How to find if two numbers are consecutive numbers in gray code sequence

Question

I am trying to come up with a solution to the problem that given two numbers, find if they are the consecutive numbers in the gray code sequence i.e., if they are gray code neig

Answer 1

Assumptions: Inputs a and b are grey code sequences in binary reflected gray code. i.e a's and b's bit encoding is binary gray code representations.

#convert from greycode bits into regular binary bits
def gTob(num): #num is binary graycode 
    mask = num >> 1
    while mask!=0:
        num = num^mask
        mask >>= 1
    return num; #num is converted 

#check if a and b are consecutive gray code encodings
def areGrayNeighbors(a,b):
    return abs(gTob(a) - gTob(b)) == 1

Few Test cases:

• areGrayNeighbors(9,11) --> True (since (1001, 1011) differ in only one bit and are consecutive numbers in decimal representation)
• areGrayNeighbors(9,10) --> False
• areGrayNeighbors(14,10) --> True

References: method gTob() used above is from rodrigo in this post The neighbors in Gray code

Answer 2

If two numbers are in gray code sequence, they differ by one binary digit. i.e the exclusive OR on the two numbers returns a power of 2. So, find XOR and check if the result is a power of two.

This solution works well for the all the test cases written by CodeKaichu above. I would love to know if it fails in any cases.

public boolean grayCheck(int x, int y) {
       int z = x^y;
       return (z&z-1)==0;
}

Answer 3

If two numbers are in gray code sequence, they differ by one binary digit. i.e the exclusive OR on the two numbers returns a power of 2. So, find XOR and check if the result is a power of two.

python 3.8

a=int(input())
b=int(input())
x=a^b 
if((x and (not(x & (x - 1))) )):
    print("True")
else:
    print("False")

Answer 4

I've had to solve this question in an interview as well. One of the conditions for the two values to be a gray code sequence is that their values only differ by 1 bit. Here is a solution to this problem:

def isGrayCode(num1, num2):
    differences = 0
    while (num1 > 0 or num2 > 0):
        if ((num1 & 1) != (num2 & 1)):
            differences++
        num1 >>= 1
        num2 >>= 1
    return differences == 1

Answer 5

If you just want to check if the input numbers differ by just one bit:

public boolean checkIfDifferByOneBit(int a, int b){
    int diff = 0;
    while(a > 0 && b > 0){
        if(a & 1 != b & 1)
            diff++;
        a = a >> 1;
        b = b >> 1;
    }
    if (a > 0 || b > 0) // a correction in the solution provided by David Jones
        return diff == 0 // In the case when a or b become zero before the other
    return diff == 1;
}

Answer 6

Actually, several of the other answers seem wrong: it's true that two binary reflected Gray code neighbours differ by only one bit (I assume that by « the » Gray code sequence, you mean the original binary reflected Gray code sequence as described by Frank Gray). However, that does not mean that two Gray codes differing by one bit are neighbours (a => b does not mean that b => a). For example, the Gray codes 1000 and 1010 differ by only one bit but are not neighbours (1000 and 1010 are respectively 15 and 12 in decimal).

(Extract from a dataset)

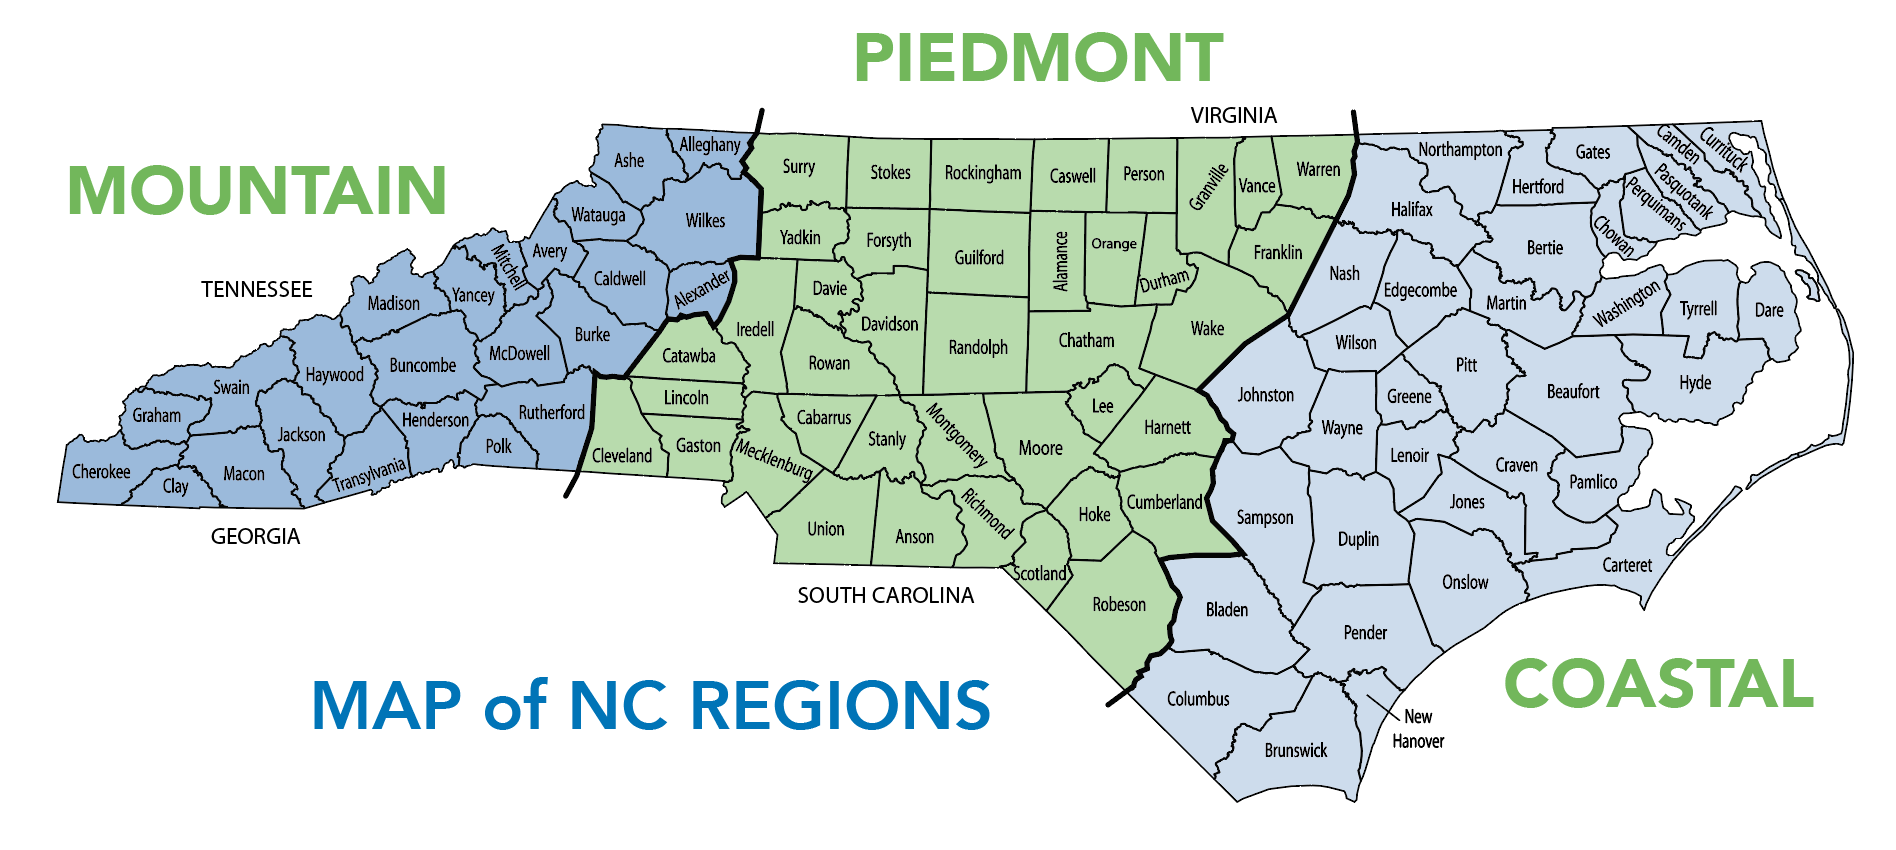 NC Region Map

If you want to know whether two Gray codes a and b are neighbours, you have to check whether previous(a) = b OR next(a) = b. For a given Gray code, you get one neighbour by flipping the rightmost bit and the other neighbour bit by flipping the bit at the left of the rightmost set bit. For the Gray code 1010, the neighbours are 1011 and 1110 (1000 is not one of them).

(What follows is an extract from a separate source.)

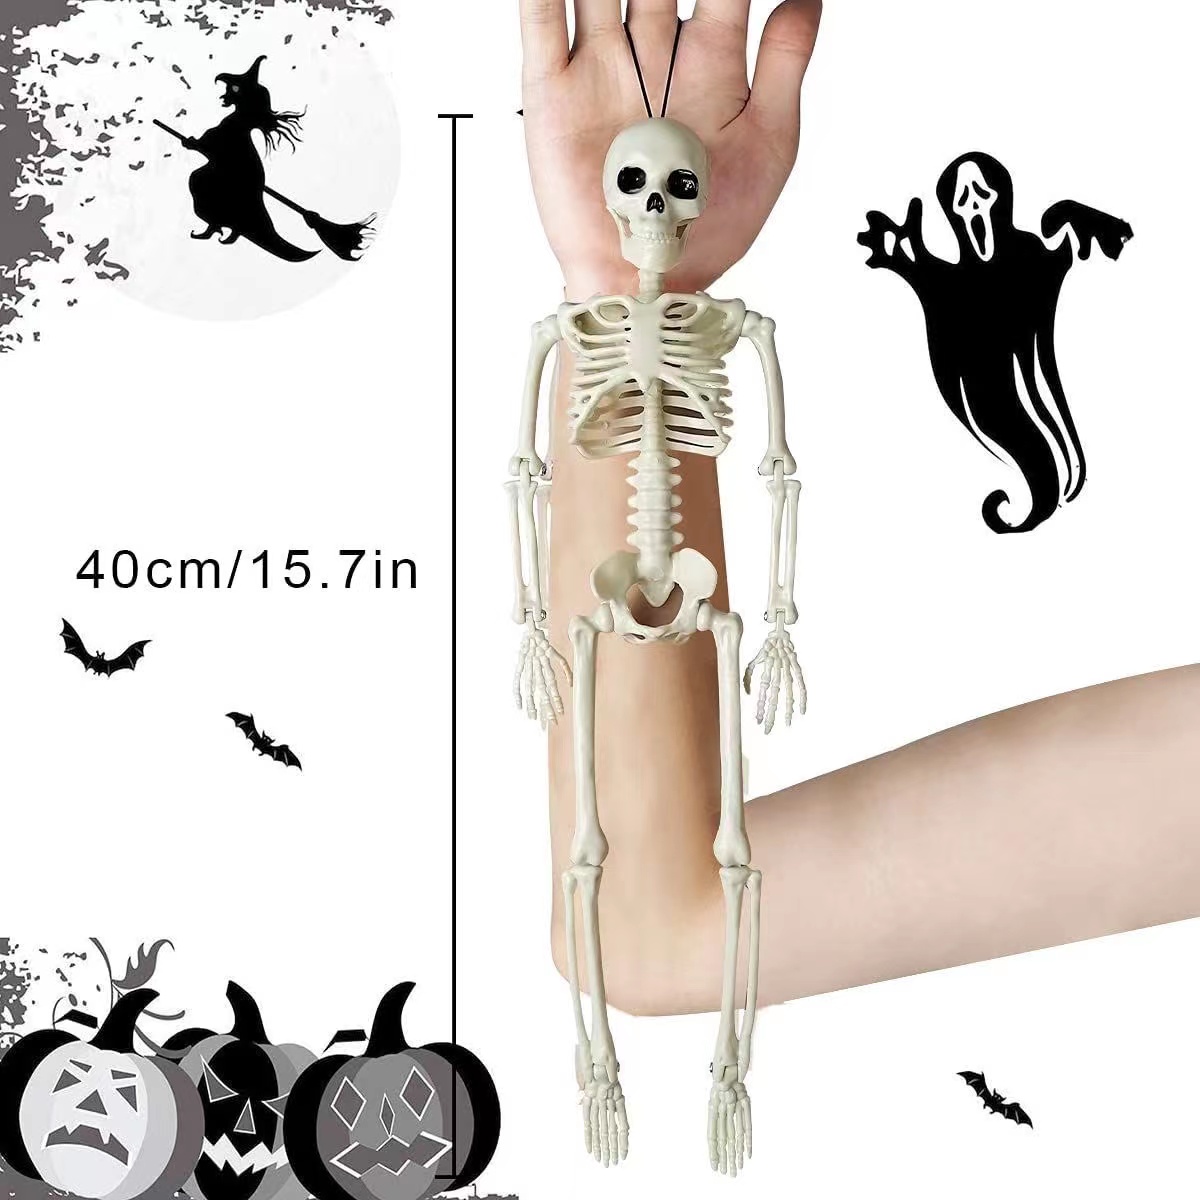 骨架骷髅骨头架人体骨骼模型医学四肢可拆40cm架关节可活动万圣节
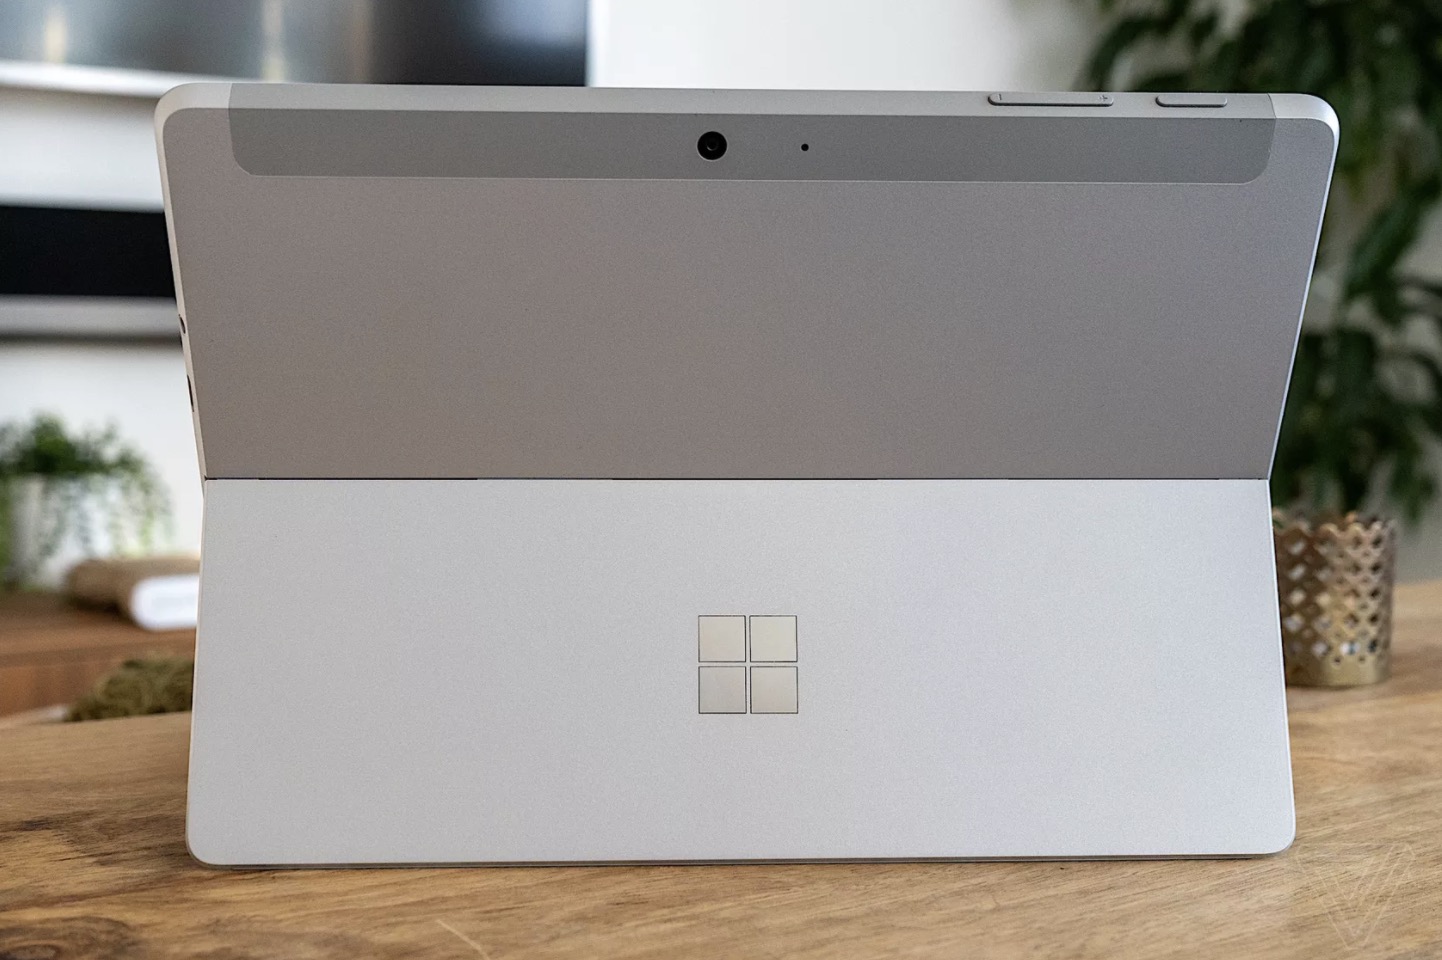 Microsoft Surface Go
2 ra mắt: Màn hình 10.5 inch, cấu hình nâng cấp, giá từ 399
USD

Whether you get the previous or the next neighbour by flipping one of these bits actually depends on the parity of the Gray code. However, since we want both neighbours, we don't have to check for parity. The following pseudo-code should tell you whether two Gray codes are neighbours (using C-like bitwise operations):

function are_gray_neighbours(a: gray, b: gray) -> boolean
    return b = a ^ 1 OR
           b = a ^ ((a & -a) << 1)
end

Bit trick above: a & -a isolates the rigthmost set bit in a number. We shift that bit by one position to the left to get the bit we need to flip.